Years ago, a woman I know excitedly shared a story about her daughter with our small group. She said that the teacher told the class to write a story. They didn’t need to worry about proper spelling or punctuation. Creativity was more important. Apparently, this attitude extended beyond this one story. My friend thought that was great. Why should her daughter and the other students get bogged down with the basics? That would just stifle their creativity.

I’ve been a writer and editor for several years. I live by the basics—spelling and grammar. I kept my mouth shut but the memory still burns in my mind.

Michelangelo apprenticed in sculpting and learned the basics before he created his David. Beethoven learned the basics of music before he wrote his 5th Symphony.

What do you think? Do you need to know the basics to be a writer? Please share your insights and comments.




Posted on September 8, 2015, in education, fiction, grammar, inspiration, nonfiction, parenting, poetry, school, writer's life, writing, writing ideas and tagged , , , , , , , , , , , , , . Bookmark the permalink. 4 Comments.

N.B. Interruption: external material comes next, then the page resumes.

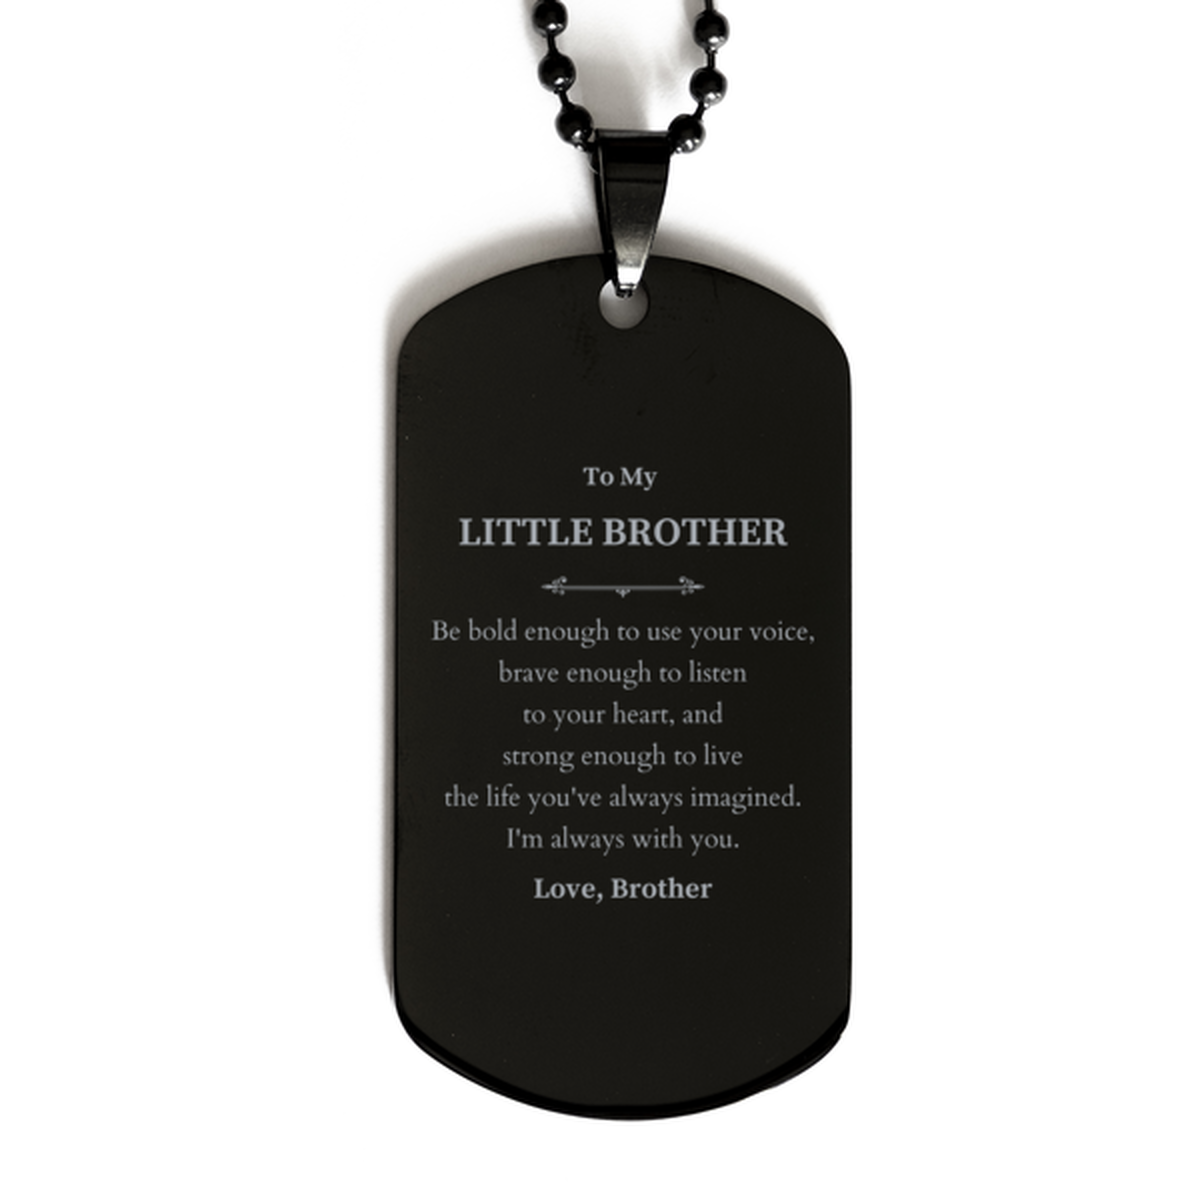 Keepsake Little Brother Black Dog Tag Gift Idea Graduation Christmas Birthday Little Brother from Brother, Little Brother Be bold enough to use your voice, brave enough to listen to your heart. Love, Brother

  1. This is such an on target post. I have been thinking this exactly – even on our recent trip to Kenya we focused on discipleship basics. Proverbs tell us that without a vision, people cast off restraint or loosen up, like an army that is going off in every direction. I believe wholeheartedly in a return to the basics in every dimension as it fosters cohesiveness, as well as a great starting point from which people can ‘take off.” This also comes to mind. When people move out prophetically in a ‘word’, it is important to be grounded in Scripture or else one can fly on the wind without any grasp on foundational beliefs. This leads to lots in the name of creativity but little in Scriptural accuracy. Lots of thoughts stirred up from this post. Thanks Debbie.

  2. I don’t think the basics “bogs” a person down. In fact, I think it fuels the creative process. The bigger the vocabulary the better to describe. And punctuation will help you from being misunderstood.